Dalle partecipazioni statali alle privatizzazioni

Chi possiede il pacchetto di maggioranza di una società ha diritto di indirizzarne le scelte. La minoranza ha diritto di controllare tali scelte e di resistervi se le ritiene inopportune, ma se esse sono legittime, per i soci di minoranza (a meno che non formino un blocco compatto) c’è poco da fare.
Queste regole valgono, in linea di principio, anche per le società a partecipazione pubblica. Qualsiasi governo, tuttavia, riserva un’attenzione particolare alle imprese che operano in alcuni settori economici ritenuti vitali per gli interessi dello Stato: difesa, telecomunicazioni, trasporti, energia. In Italia, l’attenzione per questi settori era in passato così elevata che lo Stato vi faceva operare, in monopolio o in regime di concorrenza (spesso comunque calmierata), società ed enti posti sotto il suo controllo, vigilate all’interno del più ampio sistema delle cosiddette partecipazioni statali. In questo modo il problema di scelte di soci e amministratori che fossero contrarie agli interessi statali neppure si poneva: lo Stato era l’imprenditore, o comunque lo controllava strettamente.
Quando negli anni Novanta il sistema delle partecipazioni statali è fallito (talvolta letteralmente: si pensi al disastro dell’Efim), e il bisogno di incassi da privatizzazioni si è fatto disperato, l’indirizzo politico è cambiato: le grandi società in mano pubblica sono state via via privatizzate, incluse quelle operanti nei settori giudicati strategici per gli interessi del paese. Lo Stato ha dunque dovuto cercare di tutelare gli stessi vitali interessi disponendo però solo di una partecipazione di minoranza, o addirittura avendo venduto tutte le proprie azioni.
Una missione apparentemente impossibile, se non fosse per uno strumento di cui nessun privato può disporre.

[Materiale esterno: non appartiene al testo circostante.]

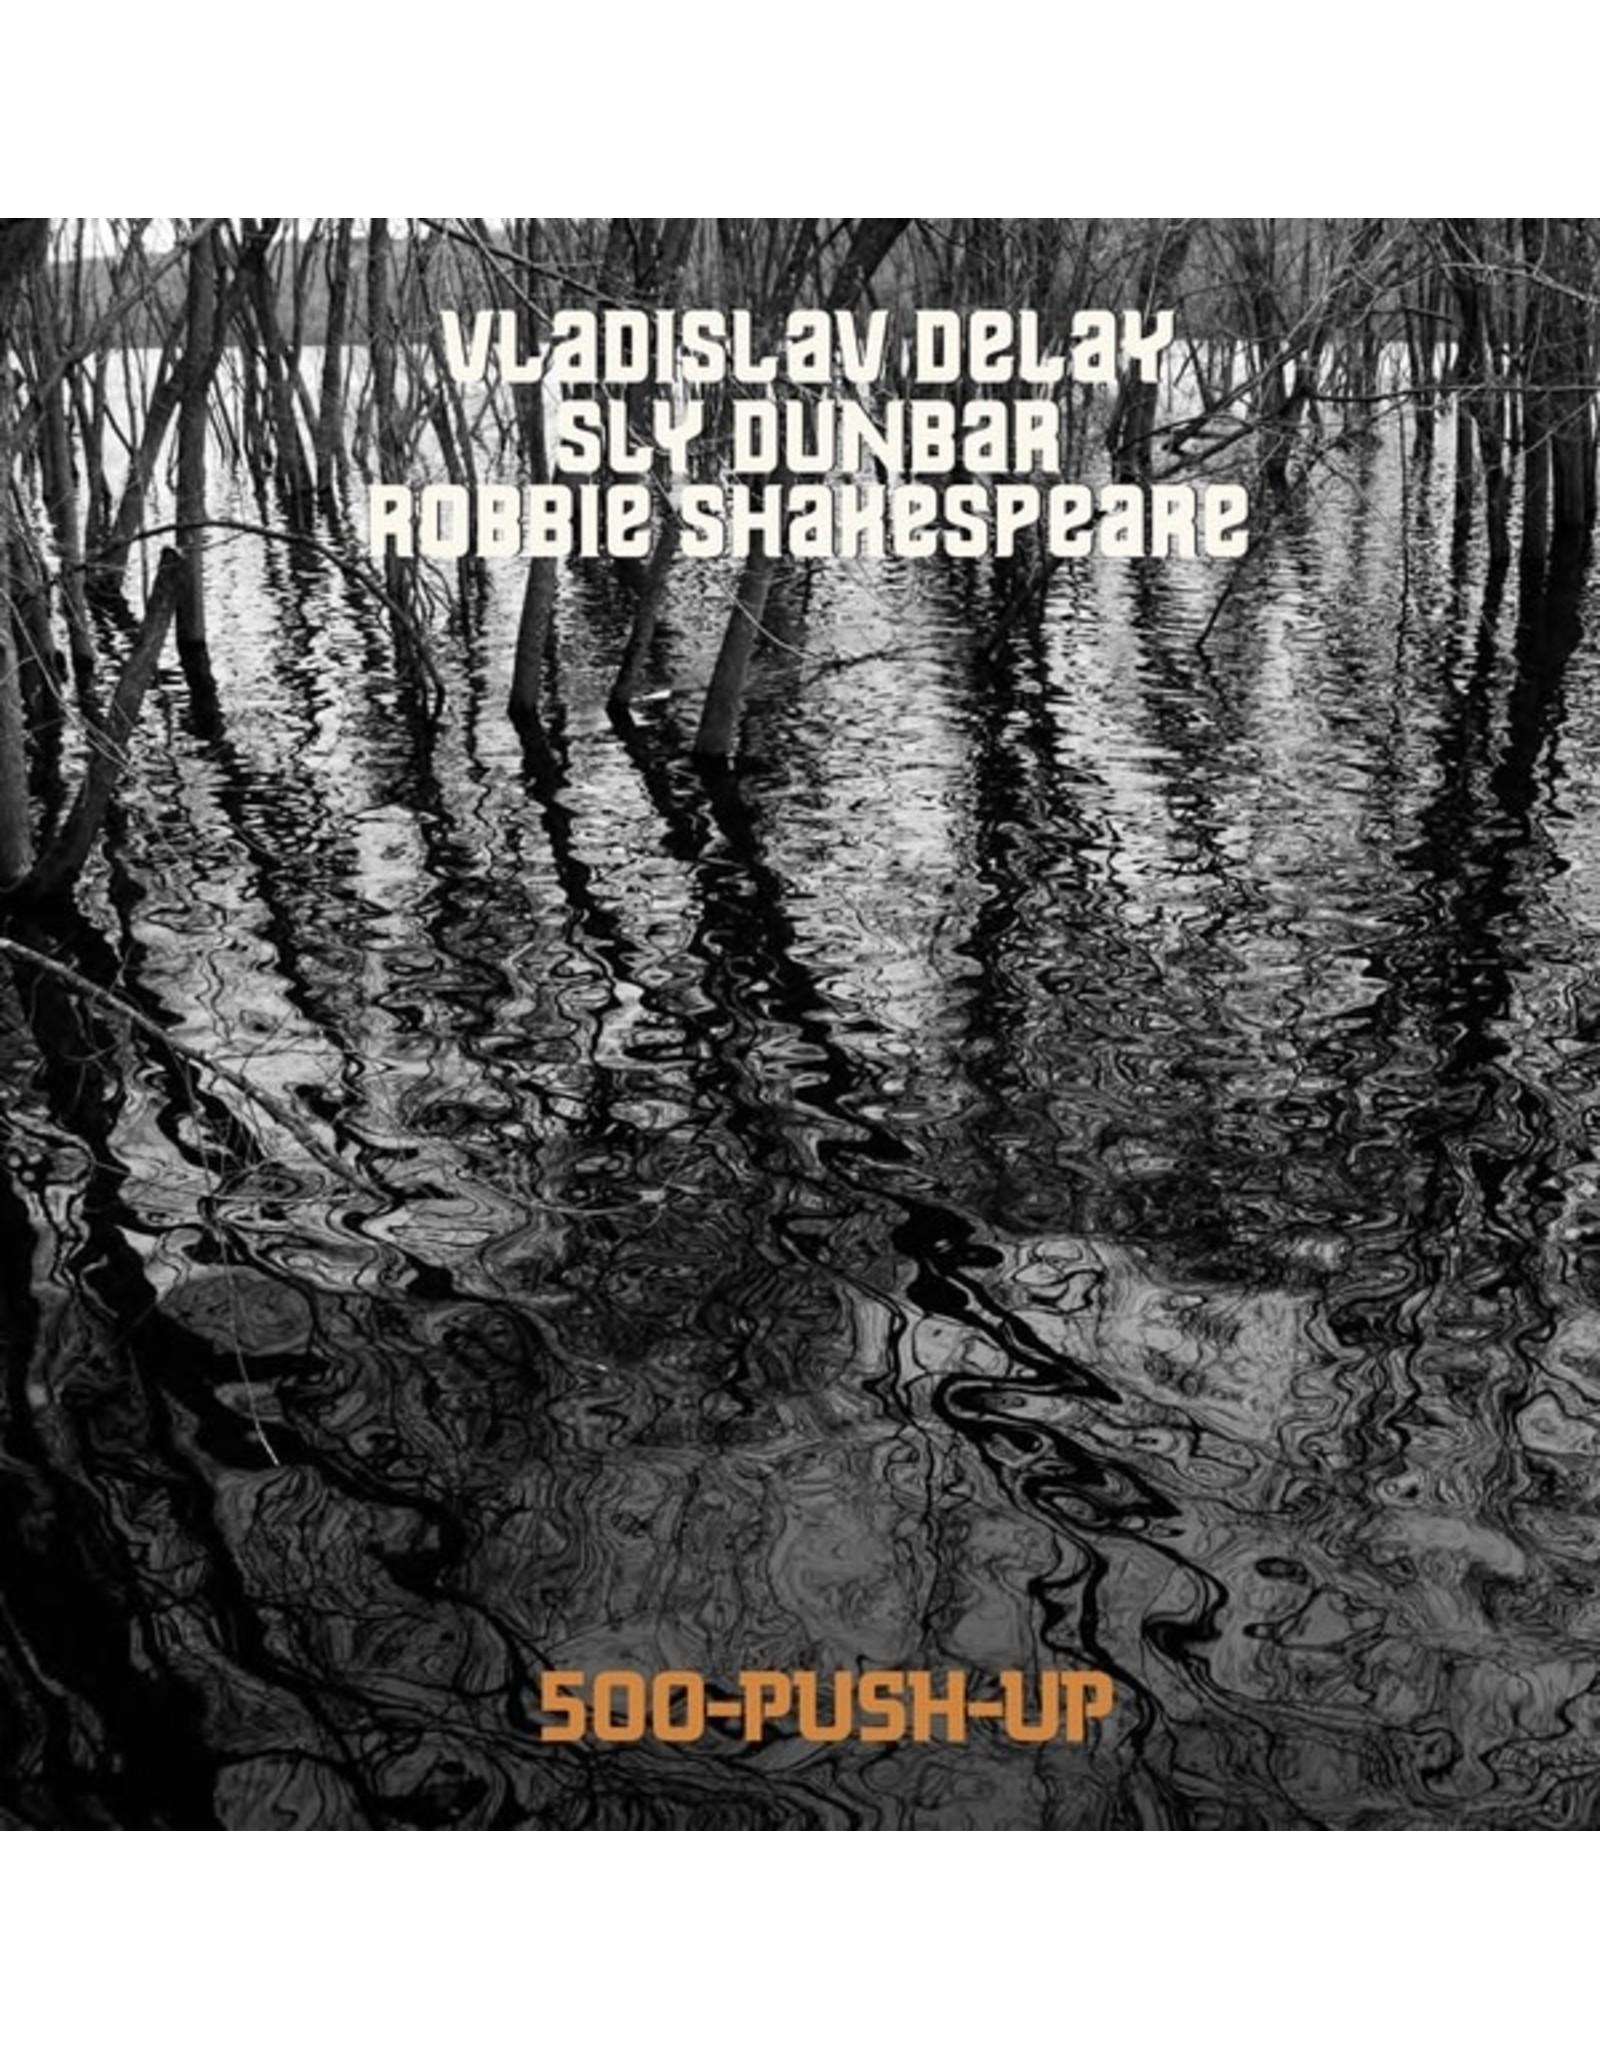 New Vinyl Vladislav Delay / Sly Dunbar / Robbie Shakespeare - 500-Push-Up LP

“Golden share” e poteri speciali

Già il codice civile del 1942 consentiva allo Stato e agli enti pubblici il diritto di nominare direttamente alcuni amministratori e sindaci. Ciò, tuttavia, non era sufficiente, e lo strumento che venne scelto nel 1994 fu quello di attribuire al governo (o in certi casi agli enti locali, su società di servizio pubblico quali trasporti ed energia operanti sul suo territorio) dei “poteri speciali” sulle società da privatizzare. (1) Nel loro complesso vengono definiti come “golden share” (“azione speciale”), ma non richiedono in realtà che lo Stato (o l’ente pubblico) sia effettivamente azionista (anche se di minoranza): si tratta infatti di prerogative pubbliche, che lo statuto delle società “a sovranità limitata” incorpora e riconosce.
Tali poteri speciali, all’epoca delle grandi privatizzazioni degli anni Novanta (Eni, Telecom, Enel), consistevano:
a) nel diritto di impedire che soci sgraditi acquistassero le azioni e superassero una “soglia di attenzione” (a seconda dei casi fra il tre e il cinque per cento). Analogo potere lo Stato si è poi riservato nei confronti di coalizioni che si formino fra azionisti separati;
b) nel diritto di opporsi a decisioni fondamentali per il destino della società, quali fusioni, scissioni, trasferimenti d’azienda, trasferimenti della sede all’estero, e simili;
c) nel diritto (già previsto dal codice civile) di nominare uno o più amministratori (fino a un quarto del totale) e sindaci della società.
Nel dare al governo i poteri speciali, l’Italia non era sola: lo stesso (seppur con diversi accenti) hanno fatto il Regno Unito, la Francia, la Spagna, e molti altri.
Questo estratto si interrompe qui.